Keneally v. Department of Revenue, Tc-Md 091569d (or.tax 1-11-2011)

CourtOregon Tax Court
DecidedJanuary 11, 2011
DocketTC-MD 091569D.
StatusPublished

This text of Keneally v. Department of Revenue, Tc-Md 091569d (or.tax 1-11-2011) (Keneally v. Department of Revenue, Tc-Md 091569d (or.tax 1-11-2011)) is published on Counsel Stack Legal Research, covering Oregon Tax Court primary law. Counsel Stack provides free access to over 12 million legal documents including statutes, case law, regulations, and constitutions.

Bluebook
Keneally v. Department of Revenue, Tc-Md 091569d (or.tax 1-11-2011), (Or. Super. Ct. 2011).

Opinion

DECISION
Plaintiffs appeal Defendant's denial of Plaintiff's (Nicholas Keneally) claimed employee business mileage deduction for tax years 2005 and 2006. A trial was held in the Oregon Tax Court courtroom, Salem, Oregon, on September 1, 2010. Richard Mitchell, Certified Public Accountant, appeared on behalf of Plaintiffs. Nicholas Keneally (Plaintiff) testified. Susan Farnsworth (Farnsworth), tax auditor, appeared and testified on behalf of Defendant.

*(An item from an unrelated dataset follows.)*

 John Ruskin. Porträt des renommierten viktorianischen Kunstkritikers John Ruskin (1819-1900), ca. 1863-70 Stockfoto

Plaintiffs' Exhibits A through F and Defendant's Exhibits A through K were received without objection.

I. STATEMENT OF FACTS
For tax years 2005 and 2006, Plaintiff was employed by Weekly Bros. Inc, a construction and excavation company. Plaintiff testified that his home is located approximately 45 miles from "the Glide shop" and he does not "go to the shop for his job." He testified that he does not have a "home office" for his employer. Plaintiff testified that it is common practice for him to leave his home "for a job site" and to "pick up gas, parts and people" on his way to a job site. Plaintiff's supervisor, Allan Weekly, President, Weekly Bros. Inc. wrote: *Page 2

"John uses his 2000 Ford F350 One Ton to provide transportation to and from our workplaces. * * * All needed supplies for the day's tasks as well as parts, fluids, tires and fuel for the piece of equipment he operates that day must be transported by his vehicle. Weekly Bros provided and installed a 90 gallon fuel tank, electric fuel pump, large dry box and an FM private band company radio into John's vehicle when he was employed for this use. Mr. Keneally also has a large tool box filled with hand tools mounted on his vehicle to perform daily maintenance and emergency repairs on our equipment, trucks and vehicles."

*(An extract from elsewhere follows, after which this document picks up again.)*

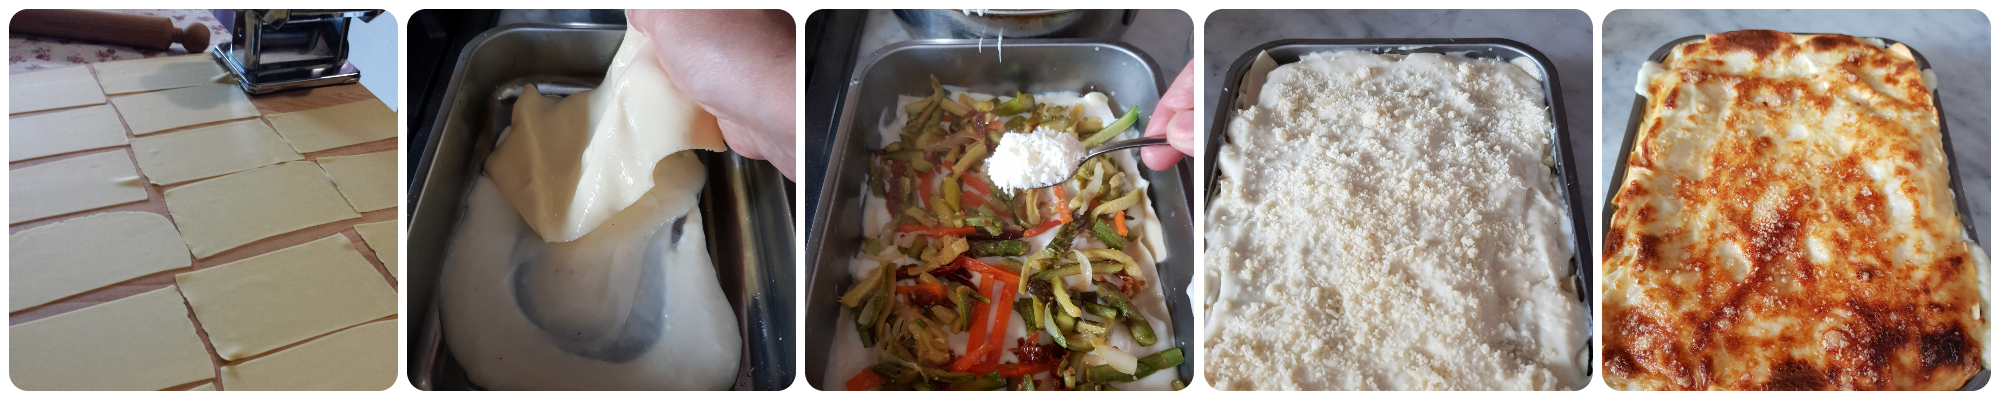 lasagne al forno con verdure

(Ptfs' Ex D-2.) Plaintiff testified that he maintained monthly work records, stating his hours worked, job name, job description and mileage to and from his home to the job site. (Ptfs' Exs B-1, B-2.) He testified that he is required to "file weekly PUC reports," reporting similar information found on his monthly work records. Plaintiff testified that when the state auditor concluded that he did not meet the Internal Revenue Code (IRC) section 274 substantiation requirements to deduct the claimed mileage he "reconstructed his mileage driven," using his monthly work records. (Ptfs' Exs C-1, C-2.) Plaintiff testified that both "his monthly work records" and reconstructed "mileage driven" contain the same information. (Id.) Plaintiff testified that he is entitled to deduct 25,586 miles in 2005 and 25,246 miles in 2006 as employee mileage business expense. (Id.)

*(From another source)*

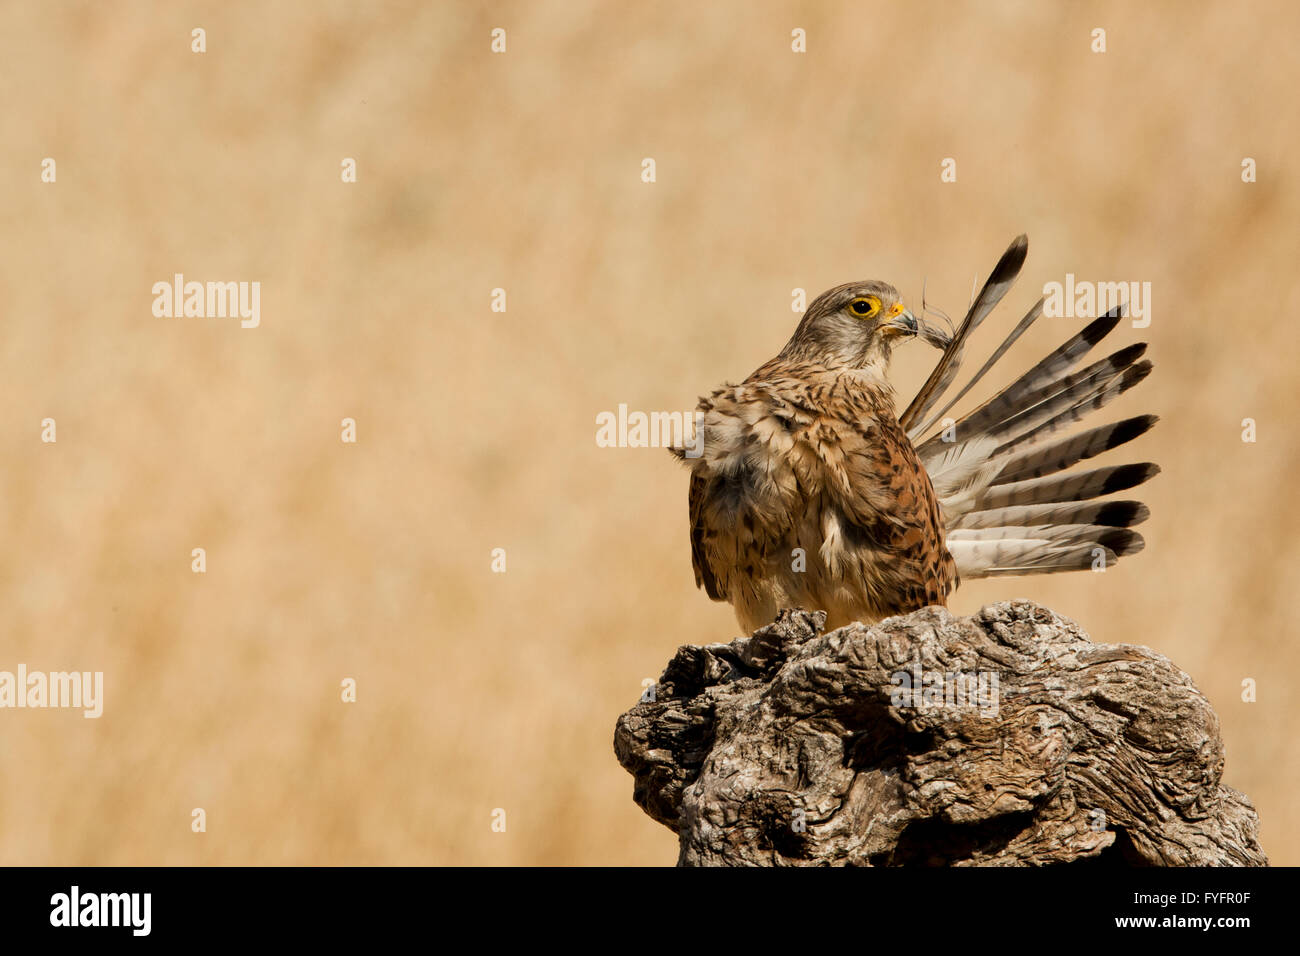 Faucon crécerelle (Falco tinnunculus) femelle nettoie ses plumes. Cet oiseau de proie est un membre de la famille falcon (Falconidae). Banque D'Images

Farnsworth alleges that Plaintiff is not entitled to deduct any of the claimed mileage as employee business expense. She testified that Plaintiff claimed the mileage on Federal Form Schedule C when he filed his 2005 and 2006 federal income tax returns. In response, Plaintiff testified that he engaged H R Block to prepare his tax returns in tax years 2005 and 2006. He testified that he "did not understand where it was deducted." During the audit, after he engaged the services of a certified public accountant, Plaintiff testified that his accountant "filed corrected returns for 2005 and 2006" and "moved" the mileage deduction to Federal Form Schedule A, claiming an employee business deduction. *Page 3 Plaintiff's accountant stated that Plaintiffs were audited by the Internal Revenue Service for tax year 2007 and Plaintiff's "travel logs" were "accepted" by the Internal Revenue Service for that year.

Farnsworth claims that all of Plaintiff's mileage is "commuting expense" because he "leaves home and returns to his home." She testified that the distance from his home to the "Glide shop" is 90 miles. Farnsworth concluded that those miles are commuting miles and not an allowable deduction. Plaintiff responded that he was "picking up parts and employees" and going "wherever his employer said."

Farnsworth testified that there is an allowable deduction for "transporting work-related material," citing Revenue Ruling 75-380, if there is an "additional expense[] incurred for transporting work implements to and from work." (Def's Memo at 2.) Farnsworth concluded:

"Even though plaintiff's truck incurred minor modifications to transport fuel and tools to work, plaintiff is not entitled to transportation expenses unless he is able to prove that he incurred additional expenses in transporting such items to work and that the amount of any additional expenses can be accurately determined."

(Id.) Plaintiff's accountant stated that it "is a major additional cost" for the employer to "modify" Plaintiff's truck. Plaintiff did not submit any evidence of the "major additional cost."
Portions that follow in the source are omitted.